- PROVIDED MATERIAL:
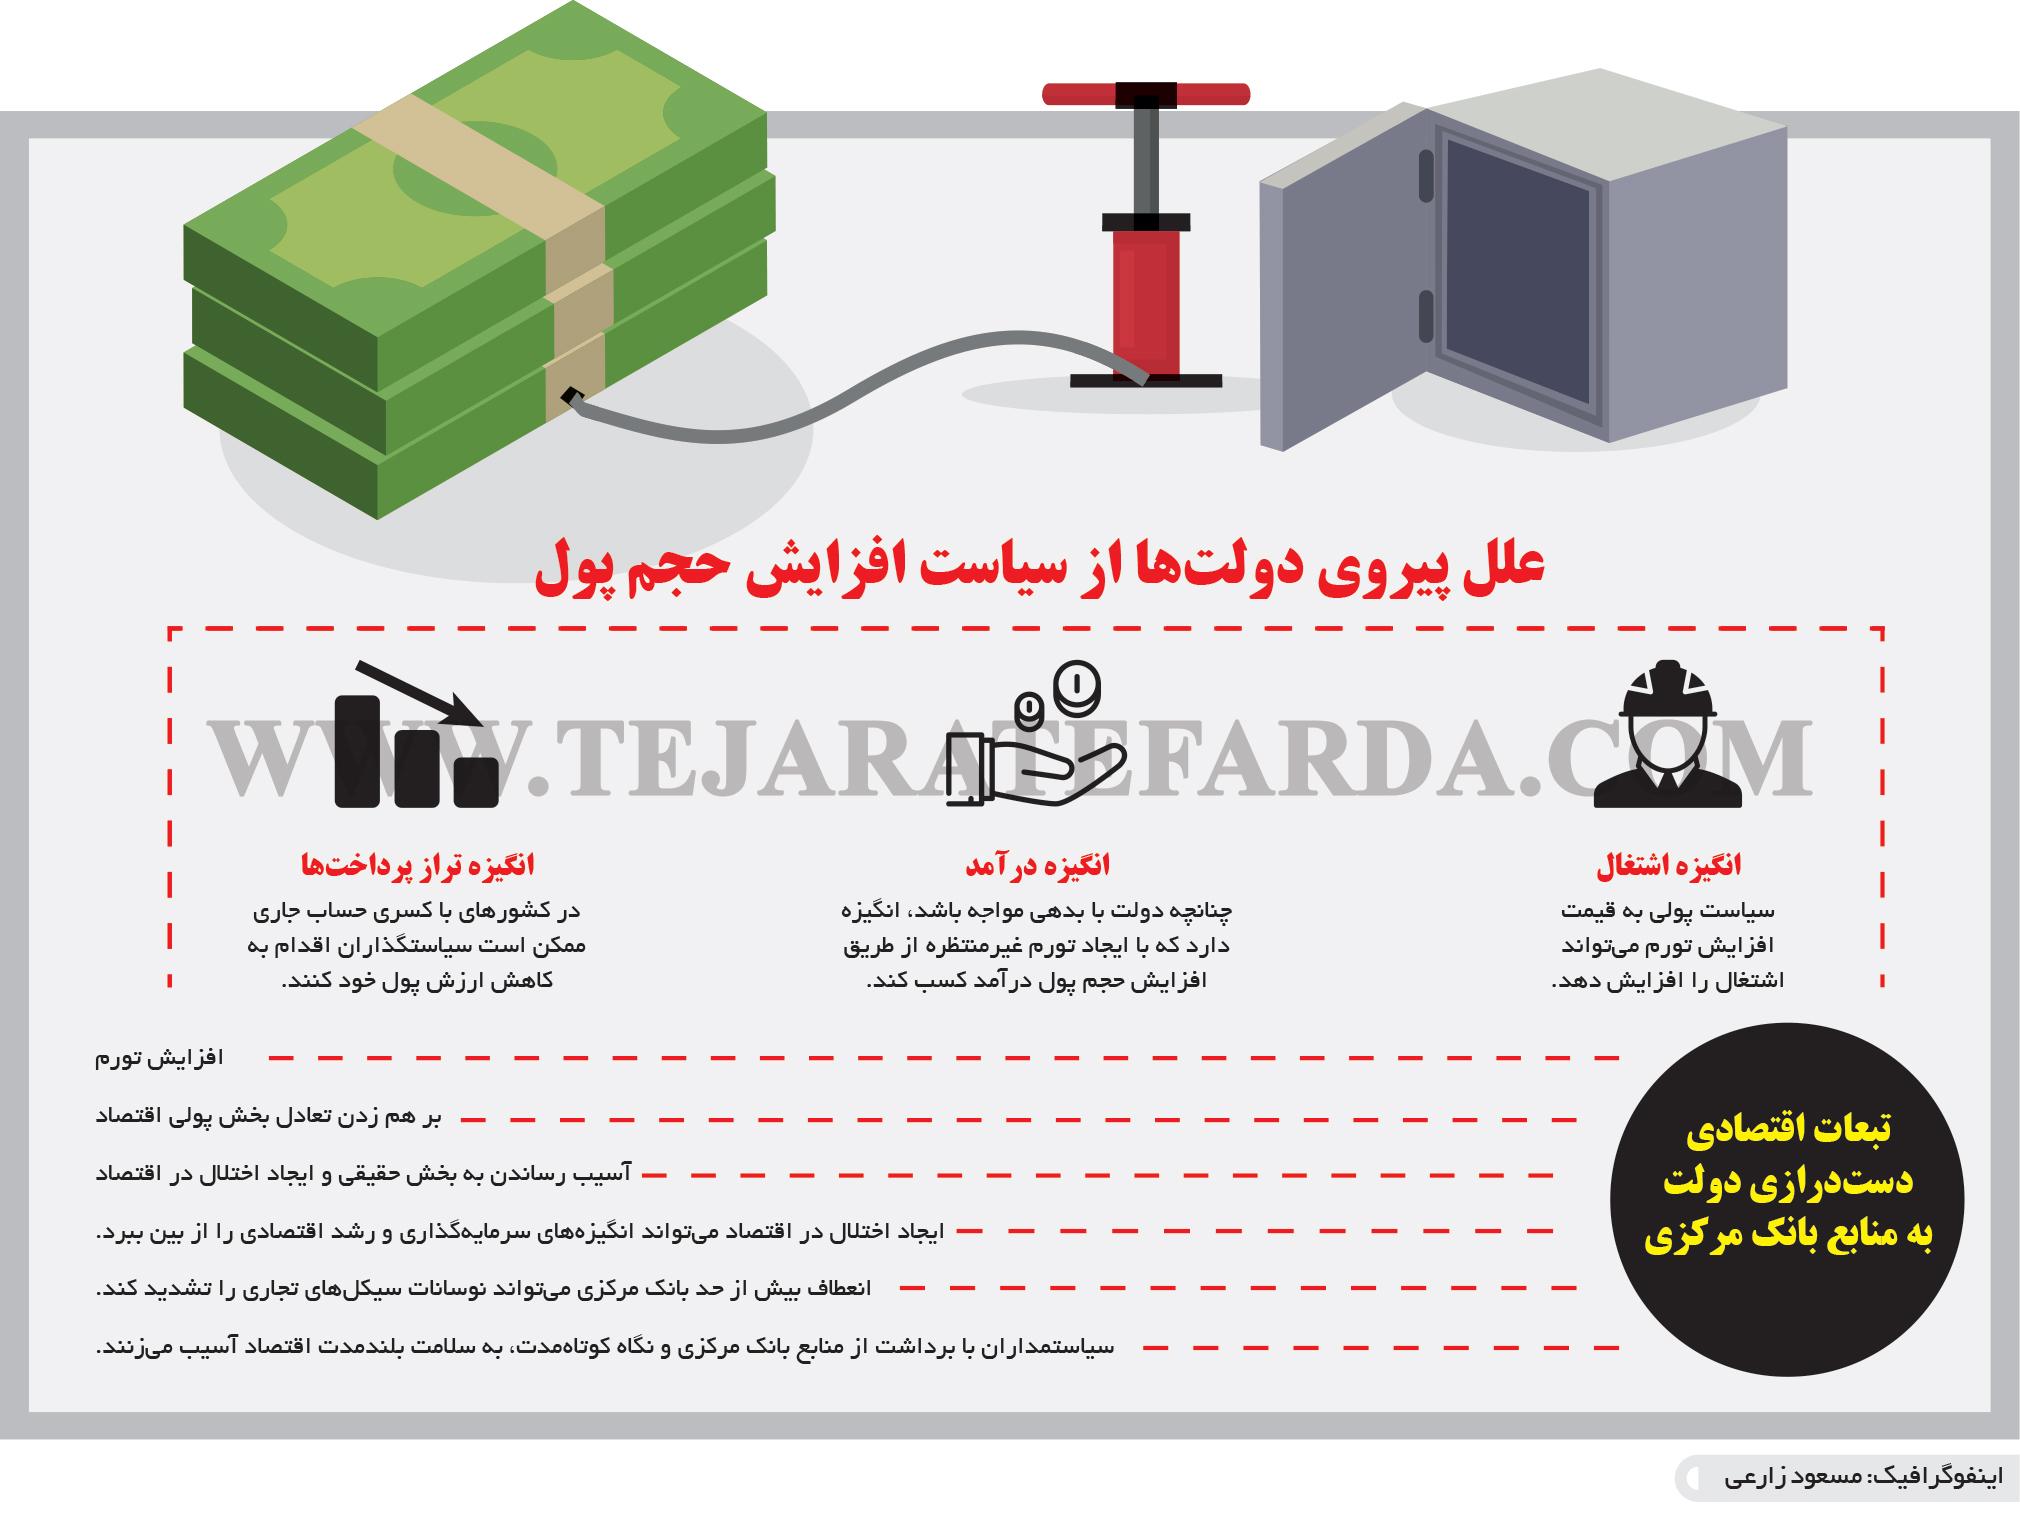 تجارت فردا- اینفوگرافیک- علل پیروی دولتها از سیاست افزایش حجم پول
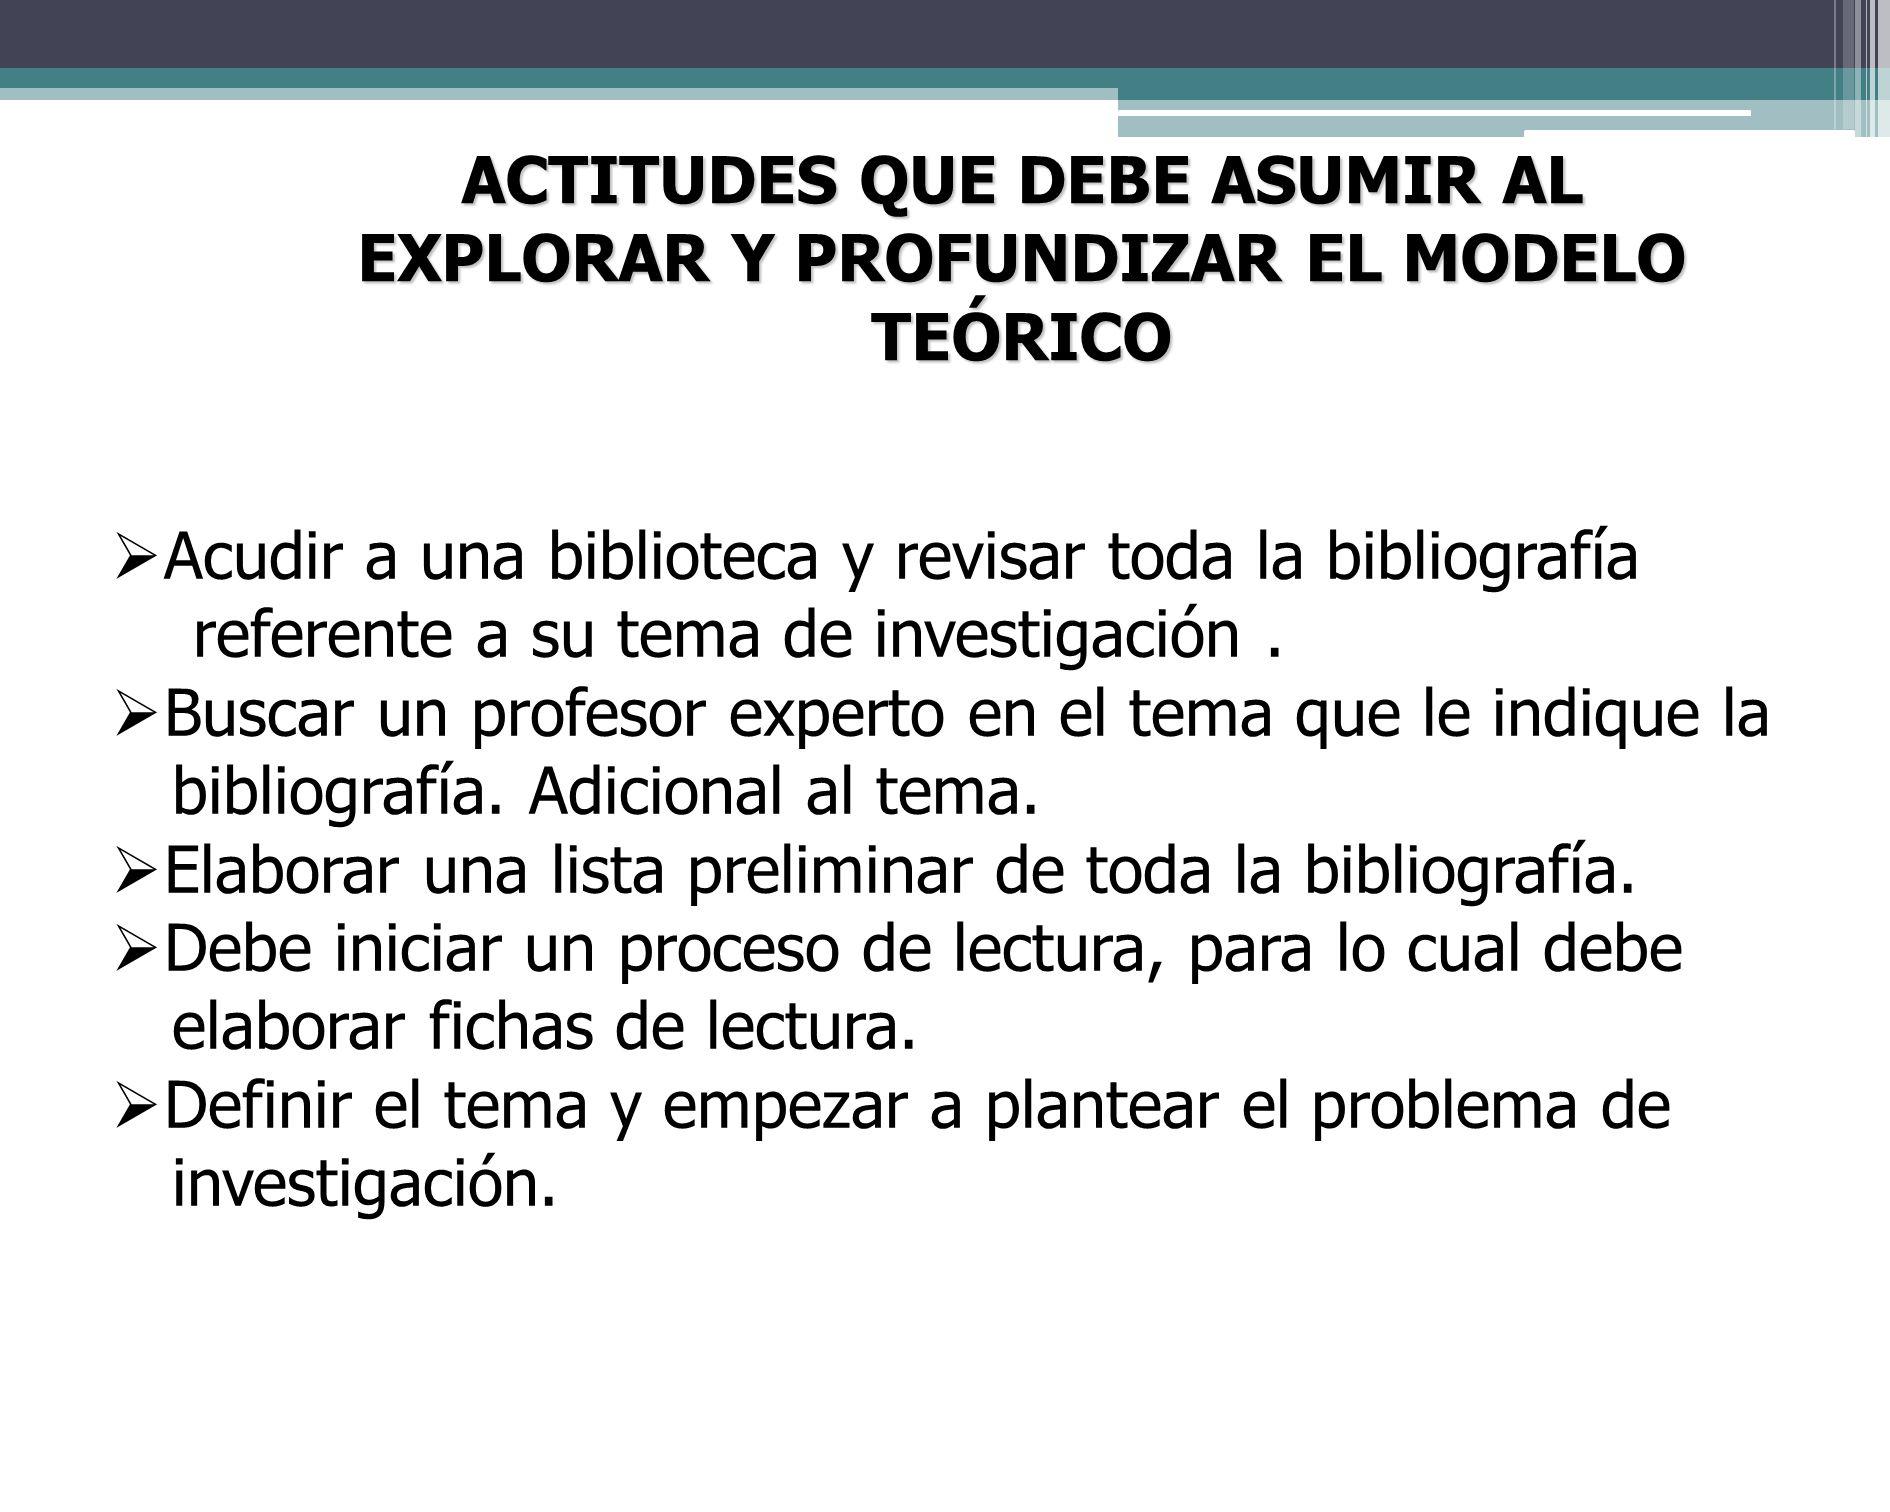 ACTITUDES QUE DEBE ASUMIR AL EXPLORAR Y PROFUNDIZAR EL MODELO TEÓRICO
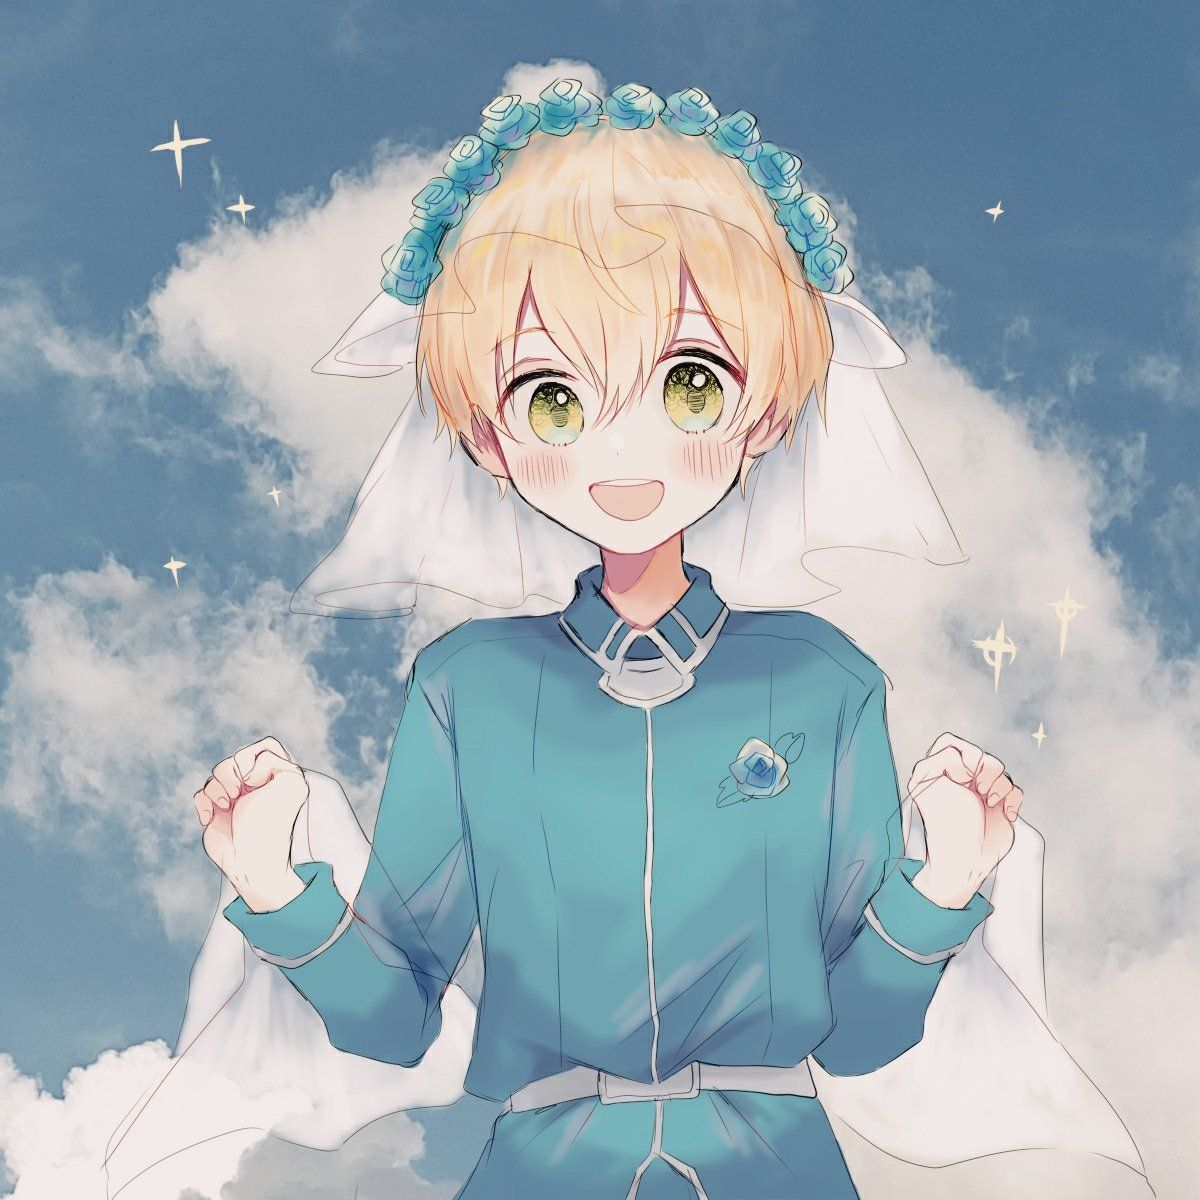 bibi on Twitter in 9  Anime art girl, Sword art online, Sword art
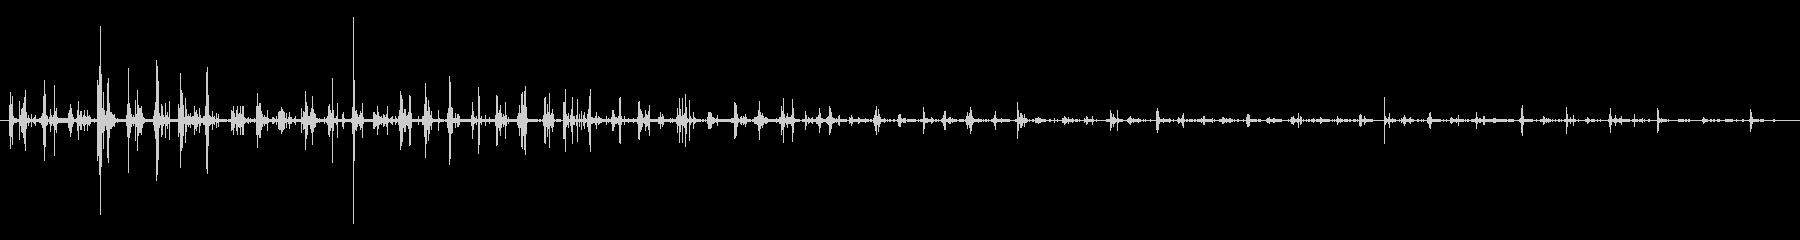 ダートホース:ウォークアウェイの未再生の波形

- TASK DIRECTIONS: Give back the material word for word, leaving out its pictures.

- RESPONSE:
 تجارت فردا- اینفوگرافیک- علل پیروی دولتها از سیاست افزایش حجم پول
 ACTITUDES QUE DEBE ASUMIR AL EXPLORAR Y PROFUNDIZAR EL MODELO TEÓRICO
 bibi on Twitter in 9  Anime art girl, Sword art online, Sword art
 ダートホース:ウォークアウェイの未再生の波形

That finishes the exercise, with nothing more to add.